Na visão do grupo, a insistência nessas fontes como solução energética limita severamente as possibilidades de alcançar os objetivos climáticos do Acordo de Paris, por dois motivos: aumento de emissões de gases com efeito de estufa (GEE) e prejuízos à competitividade em termos de custos da energia limpa.
“Será necessário manter preços dos combustíveis fósseis que reflitam o custo que eles impõem à sociedade para reduzir sua utilização”, defendem.
Imposto sobre o carbono
Uma das recomendações é que os governos do G20 parem de direcionar os recursos públicos para petróleo, gás e carvão – com metas até 2025 (para os ricos) e 2030 (emergentes) – e, em vez disso, forneçam apoio sustentável à proteção social e expansão da energia limpa.
Um exemplo positivo vem da Índia.
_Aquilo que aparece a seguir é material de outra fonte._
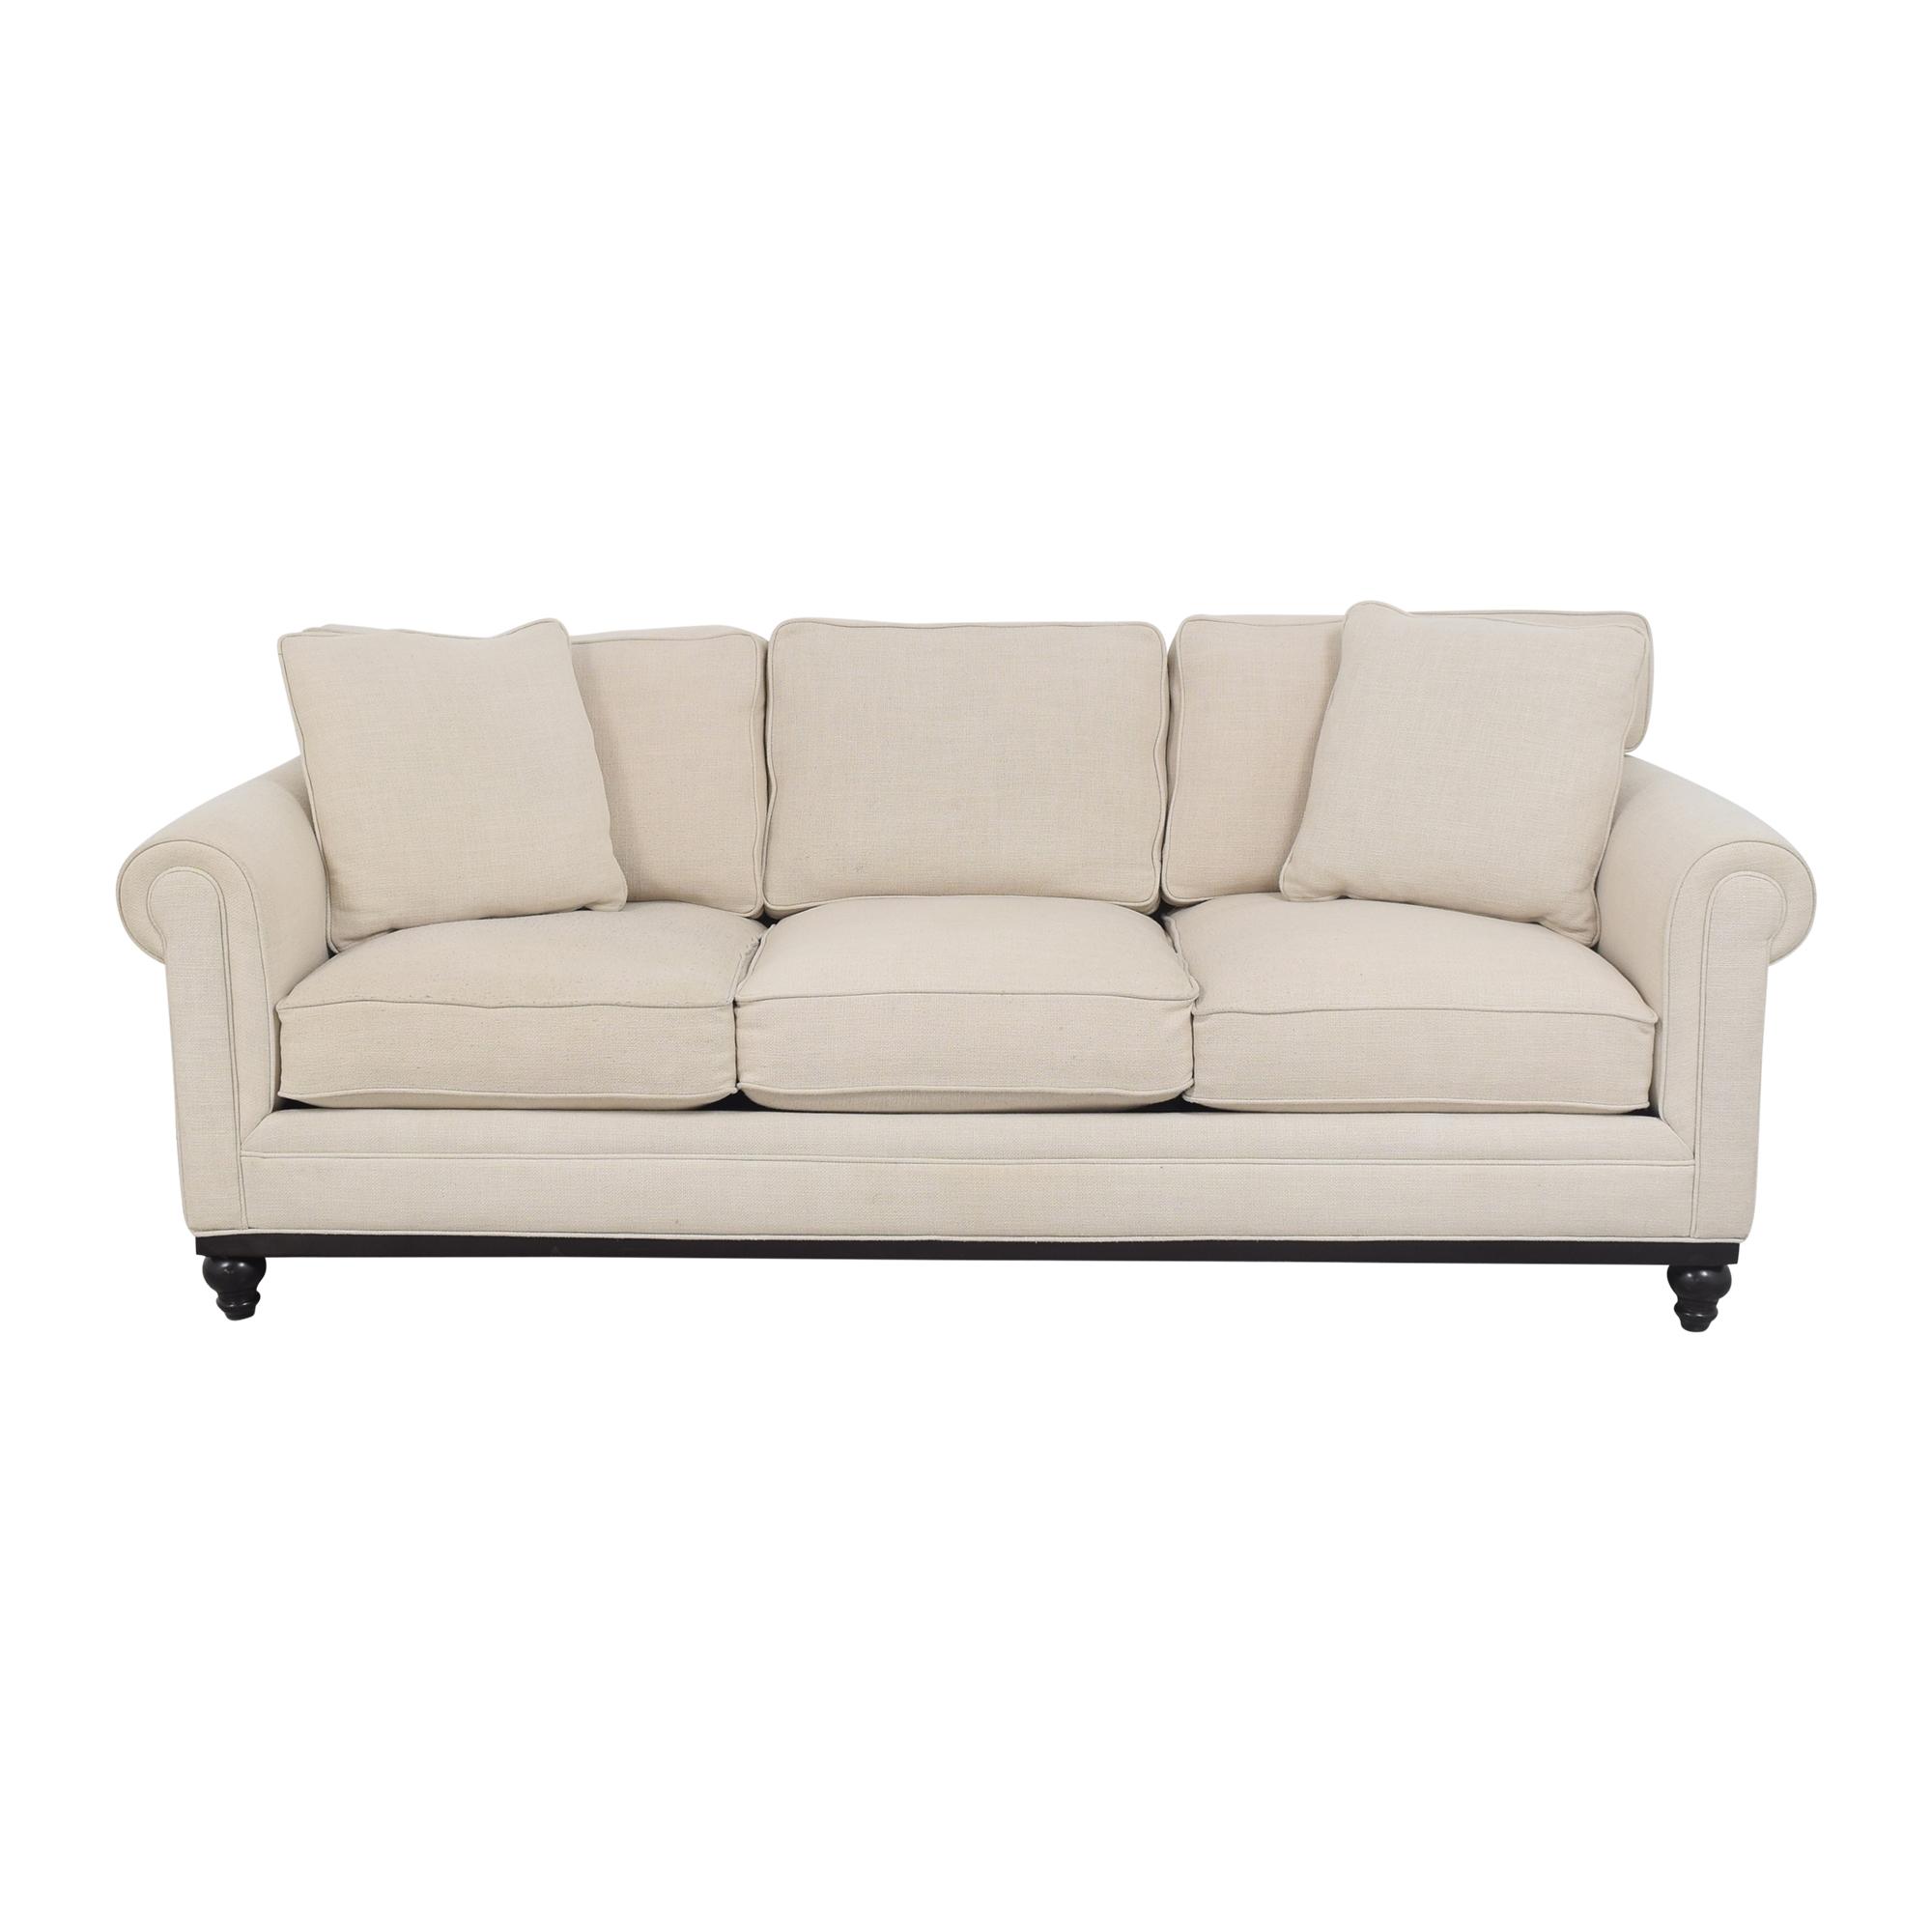 Macy's Martha Stewart Collection Club Sofa / Classic Sofas

O país do sul da Ásia conseguiu reduzir em 76% os subsídios fósseis desde 2014, ao mesmo tempo em que passou a investir em renováveis.
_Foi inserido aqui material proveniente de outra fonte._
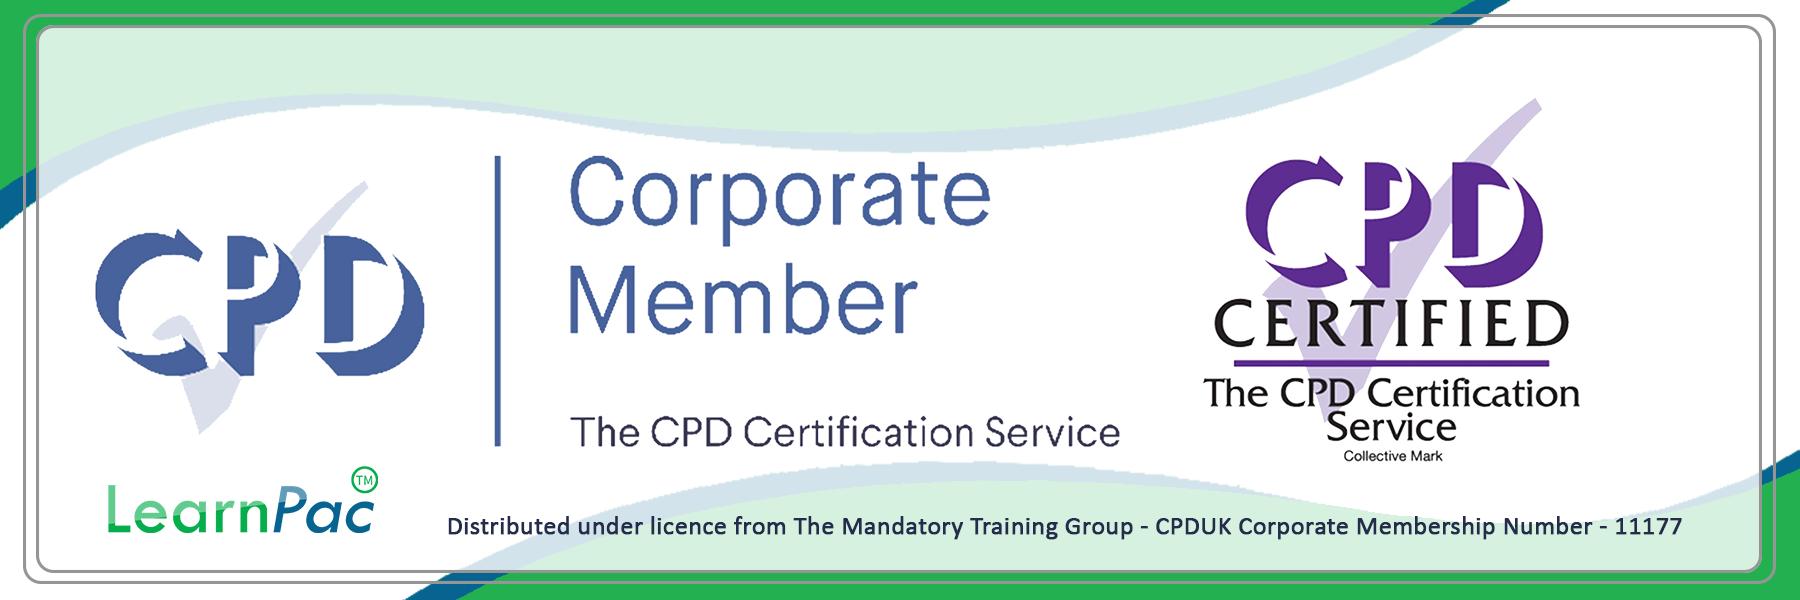 Care Certificate Standard 6 - CPDUK Certified - Learnpac System UK -

Pelos cálculos do relatório, além de ganhar US$ 1,4 trilhão com a retirada dos benefícios fiscais dos fósseis, os países do G20 poderiam arrecadar mais US$ 1 trilhão com um imposto sobre o carbono, cobrando entre US$ 25 a US$ 50 para cada tonelada de CO2 emitida na atmosfera.
COP28 e transição justa
Faltando três meses e uma semana para a COP28, as 20 maiores economias do mundo ainda não conseguiram chegar a um consenso sobre a participação de combustíveis fósseis na matriz ou o papel de cada uma delas na transição justa.
No final de julho, os ministros de Energia do G20 encerraram um encontro em Goa, na Índia, dando indícios de quão difícil será chegar à cúpula climática da ONU, em novembro, com um acordo forte o suficiente para cortar emissões e limitar o aquecimento do planeta a 1,5°C até o final do século.
A expectativa era que o encontro de julho estabelecesse algumas bases para a COP28 sediada em Dubai, nos Emirados Árabes, e presidida por um CEO do petróleo.
Mas as divergências persistem, especialmente, quando o assunto é assumir os custos de descarbonizar a economia – e enquanto isso o mundo vai ficando 1,2°C mais quente.
Esta semana, os holofotes estão voltados para a cúpula do Brics, grupo composto por cinco membros do G20 – o Brasil assume a presidência do bloco ainda neste ano. Em pauta: a transição, a industrialização de economias do Sul e o financiamento prometido pelos países ricos.
“É muito difícil combater a mudança do clima enquanto tantos países em desenvolvimento ainda lidam com a fome, a pobreza e outras violências. O princípio das responsabilidades comuns, porém diferenciadas, mantém sua atualidade”, discursou o presidente Lula (PT) em Joanesburgo, nesta quarta (23/8).
A maior cidade da África do Sul sedia o primeiro encontro presencial dos Brics desde a pandemia de covid-19.
Lula tem repetido em seus discursos que os grandes responsáveis pelas emissões de carbono e, consequentemente, a crise climática, são as nações industrializadas, que historicamente fizeram dos países africanos e sulamericanos suas colônias extrativistas.
“Eles têm uma dívida histórica com o planeta Terra e com a humanidade. Precisamos valorizar o Acordo de Paris e a Convenção do Clima, em vez de terceirizar as responsabilidades climáticas para o Sul Global”, defendeu o presidente brasileiro.